The drop in the breeding business at the very top has been drastic. Three Chimneys Farm, which stands Dynaformer and I'll Have Another's sire Flower Alley, bought a stake in Big Brown hours before the Preakness in 2008, that valued the horse at $50 million.
That deal valued the horse's stud fee at at least $100,000. But by the time Big Brown made his way to breed in Kentucky, the economy crumbled. The initial stud fee was $65,000. Last year, it dropped to $40,000 before falling again to $35,000. If his first crop doesn't do well at the track this year, it will fall lower.
"It has taken a pretty big hit and what that does is it translates to how much of these stallion prospects are worth once they are retired," said Three Chimneys president Case Clay.
Clay says that if I'll Have Another doesn't win the Belmont on Saturday, he can command a stud fee of $15,000 to $20,000, which would put the horse's worth at around $6 million.

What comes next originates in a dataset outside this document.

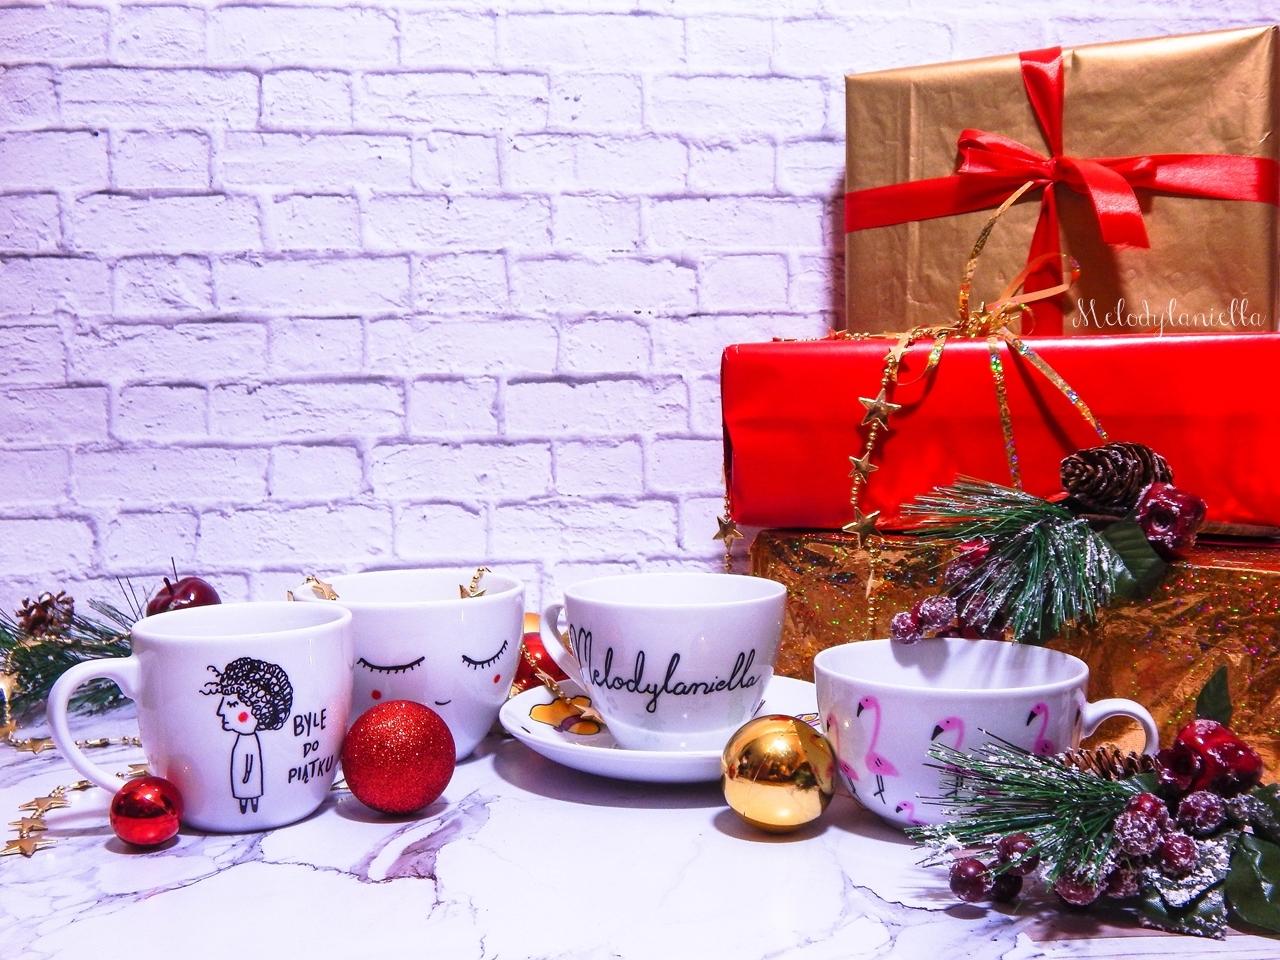 1 pomysły na prezenty ciekawe prezenty na boże narodzenie nietypowe prezenty ręcznie robione filiżanki muki kubki z personalizacją malowana ręcznie porcelana propozycje święta prezenty 2017

But he said the horse could win almost all of that if he wins the Breeders Cup Classic in the fall, with $5 million going to the winner.
Furthermore, Paul Reddam, the horse's owner, told me that he won't be tempted by any type of breeding money.
"There will come a time when he can't run anymore at 100 percent level," Reddam said. "That would be the time to talk about that."
Reddam thinks that if the horse won the Triple Crown it would definitely help horse racing more if the horse continues to race.
That's what happened the last time a horse won the Triple Crown. In 1978, Affirmed raced into his four-year-old season, giving a chance for the world to see a champion on the track instead of just seeing him through the eyes of his children.